We rolled away from London just as the weather turned from hot and sunny to cool and rainy.  This continued when we got to Brighton and during the last few days of our trip.  We met up with our friend Kristina who moved to England from Seattle a few years ago.  She let us crash at her place which was awesome.  Brighton is a beach town situated on the coast about an hour south of London.  The beaches are rocky like here at home but also very different.  Most of the rocks are shades of brown and orange which gave the beaches a really unique look.  It also seemed like they were all very smooth and clean rocks that were piled really deep.  Not barnacles, seaweed, or mud like in the northwest.  We checked out the Brighton Pier which opened in 1899 and is still open today.  A bit to the west stands its former rival, the West Pier, which opened 33 years earlier.  It closed in 1975 and was later destroyed by storms and fires.  All that stands are some charred remains that make for an interesting backdrop on the waterfront.  Just to the east of the Brighton Pier are actually a few remnants of Brighton’s first pier, the Chain Pier, built in 1823.  It was destroyed by a storm in 1896 shortly before the newest pier was opened.  All that exists today is a bit of the foundation.
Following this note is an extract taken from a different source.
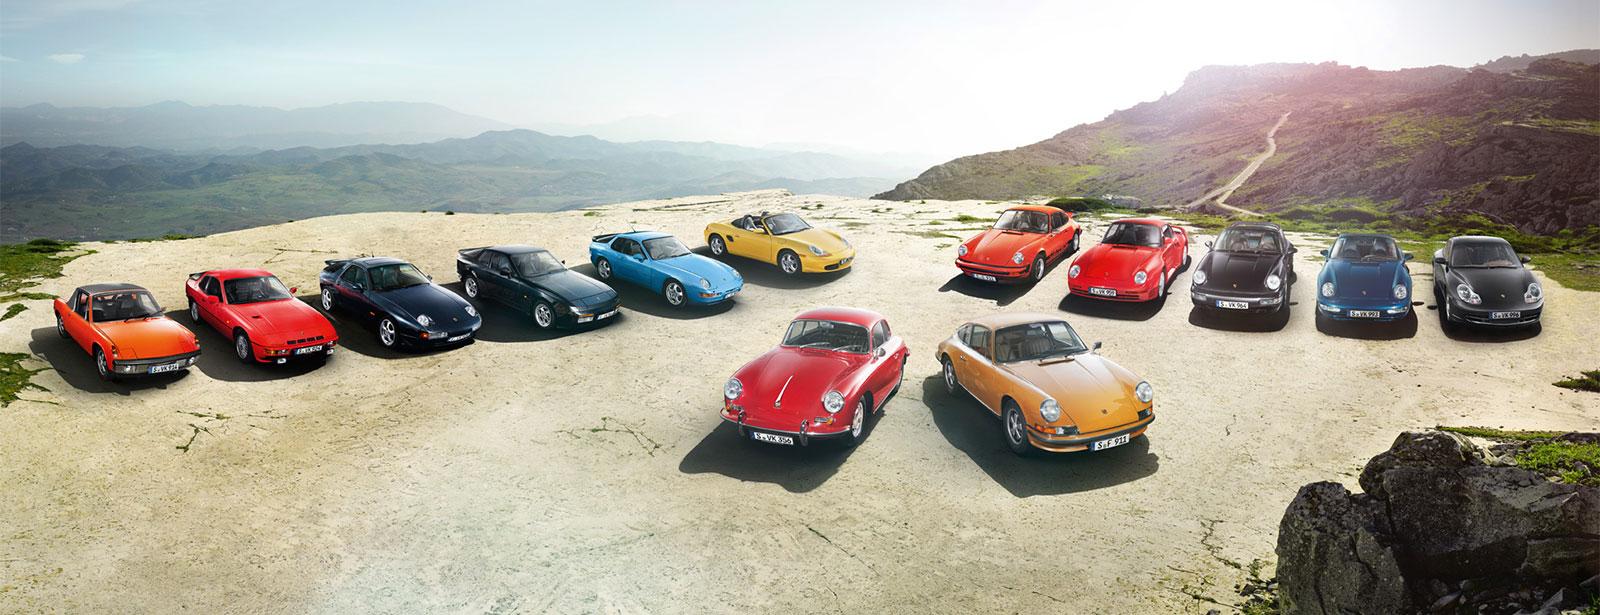 Porsche Service | Serviceangebote | Porsche Classic Vehicle Tracking System

While in Brighton we made sure to have a few very English meals that we hadn’t gotten around to in London.  Our first night we went to a pub where we had bangers and mash as well as other pub food.  There are also many fish and chips spots in town so we found somewhere that reviews said was the most authentic.  Last on our list was afternoon tea which we had at the amazing Black Bird Tea Room.  Maybe our favorite part of Brighton was its shopping district called the Lanes.  The Lanes is a collection of narrow streets and alleyways crossing every which way filled with all kinds of tiny shops and restaurants.  It can be really easy to get lost but also exciting to see what’s around each corner.  We also had to visit the Royal Pavilion which was built as a royal residence in 1787.  It was built in the Indo-Saracenic style that was very common in India at the time.  Pictures weren’t allowed inside unfortunately because it looked even cooler than the outside did.  The last place we visited was Brighton’s famous bathing boxes that line a large section of waterfront.  Each one is painted in a different color scheme by its owner.  We took the train back to London on our last afternoon to stay in the Whitechapel district, home to the Jack the Ripper murders in the late 19th century.  It is of course a much nicer area these days.  We stayed with an awesome family in their restored townhouse before the long journey home the next morning.